Когда отца выпустили из Безансонской крепости, он хотел видеть Моро и для этого поехал в Париж. Дорогой в одной из гостиниц он встретился с человеком, который произвел на него странное впечатление. То был немой. Долго он всматривался в отца, наконец спросил, написавши на столе, не желает ли он узнать будущее. Отец не верил в предсказания, но из любопытства просил таинственного незнакомца сказать ему что-нибудь. Тот написал: «Vous vous marierez bientot. vous aurez beaucoup d'enfants et un dans le nombre, du quel on parlera beaucoup. Vous ne mourrez pas de votre belle mort, mais dans un pays etranger» («Вы скоро женитесь, у вас будет много детей, и об одном из них будут много говорить. Вы умрете не своей смертью, но в чужой стране»). Вот эти-то последние слова и тревожили отца моего. Из Бургоса он писал, что был прекрасно принят королем Иосифом, и казался очень доволен своим местом, которое должно было принести 30 тысяч франков содержания. Письмо это из Бургоса было последнее. Вскоре двор Иосифа отправился в Мадрид. Не знаю почему, отец мой хотел непременно ехать верхом и купил для этого лошадь. Братья Гюго, которые перешли вместе с ним к Иосифу, неотступно уговаривали его не отставать от свиты короля и сесть лучше в одну из карет.

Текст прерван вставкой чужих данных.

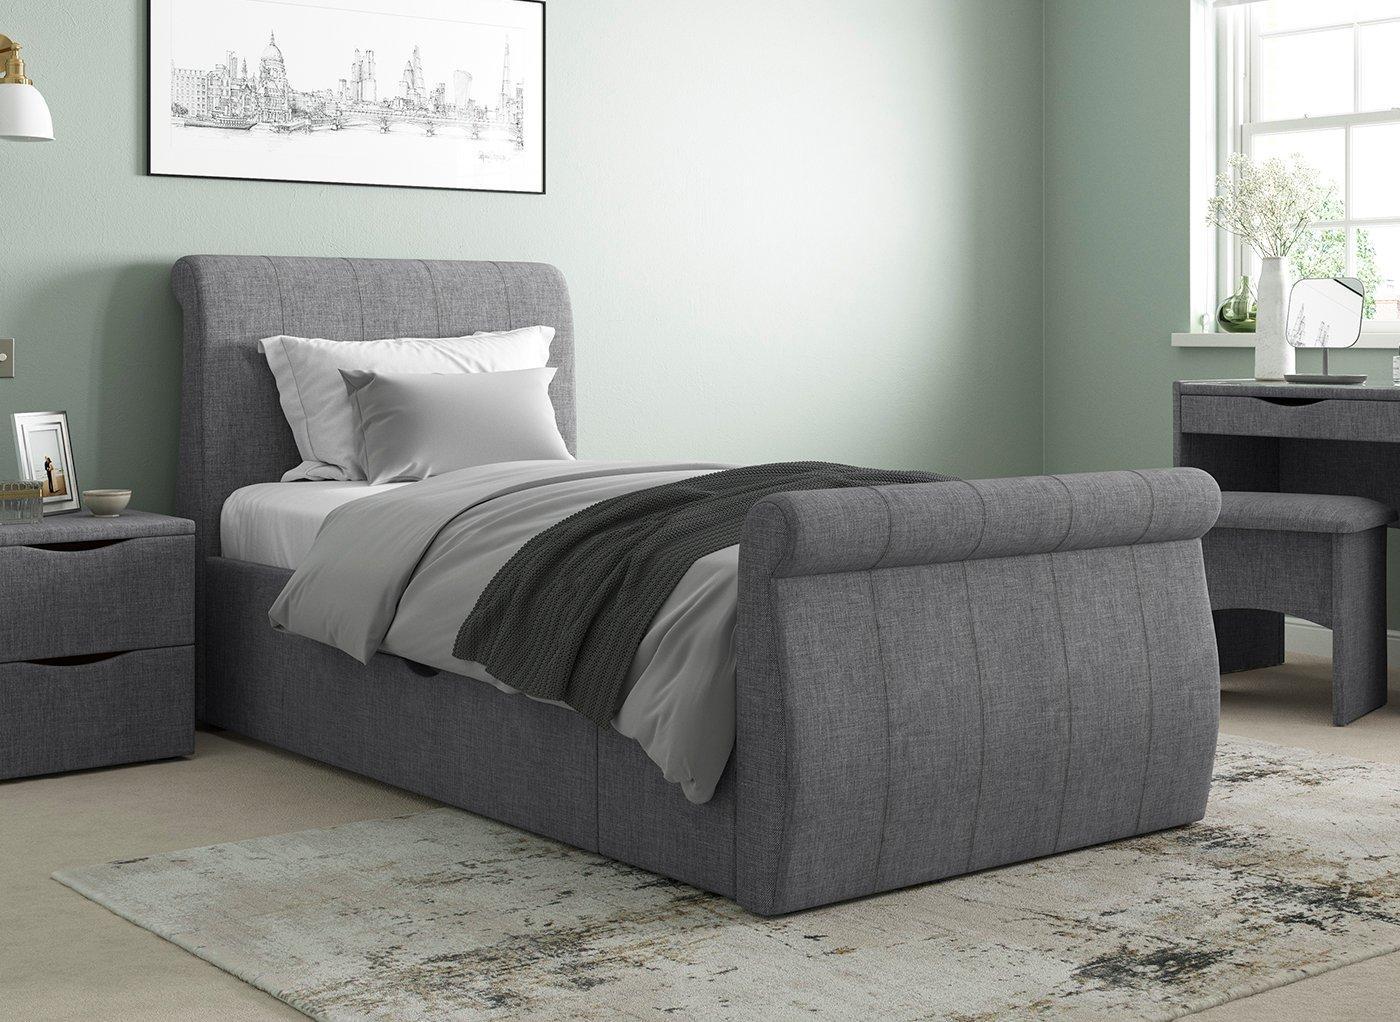 lucia-upholstered-bed-frame

Но есть какой-то неизбежный рок, который иногда нами управляет. Несмотря на добрые советы своих друзей и видимую опасность при путешествии одному по дороге, где часто путешественники были останавливаемы гверильясами[11], и опасность эта увеличивалась тем, что с ним были бумаги и деньги; но, несмотря на все это, отец выехал из Бургоса верхом, сопровождаемый своим человеком. С ними была еще третья лошадь, запасная, на которую они привязали чемодан с бумагами. В одно время с ними выехали братья Гюго, но они были в экипаже. Подъезжая к деревне Аранда, человек заметил отцу, что его лошадь расковалась. Отец отвечал: «Можно заехать в деревню, чтобы подковать ее». Аранда лежала немного в стороне от дороги. Он пришпорил свою лошадь, поклонился Гюго и поскакал туда, крикнув им, что скоро надеется догнать их. Человек последовал за ним, 23 октября 1809 года въехали они в Аранду, но уже оттуда им не было суждено выехать. Отец, человек, лошади, — бумаги — все пропало без вести. Предполагают, что они должны были быть убиты гверильясами. Король Иосиф дал приказание разыскать по крайней мере след этого убийства, но все труды были напрасны. Ничего не было открыто, найдено только в колодцах пропасть изрубленных тел, но кто были эти несчастные — невозможно было узнать.
Все эти подробности были сообщены моей матери одним из Гюго, который осторожно извещал ее о несчастии, так ужасно и так внезапно разразившемся над нами. Невозможно описать, в какое отчаяние впала бедная моя мать. Она уже никогда не могла оправиться от этого удара, да и некогда было: одно несчастье следовало за другим, как это почти всегда и бывает.
10
Нантские утопления — массовые казни в Нанте, произведенные по приказанию Каррье, комиссара Конвента. Приговоренных связывали по двое и топили в реке Луаре. Иногда женщины спасались от смерти, получив от кого-либо из присутствовавших предложение выйти замуж.
11
Гверильясы — участники партизанской войны в Испании против наполеоновских войск.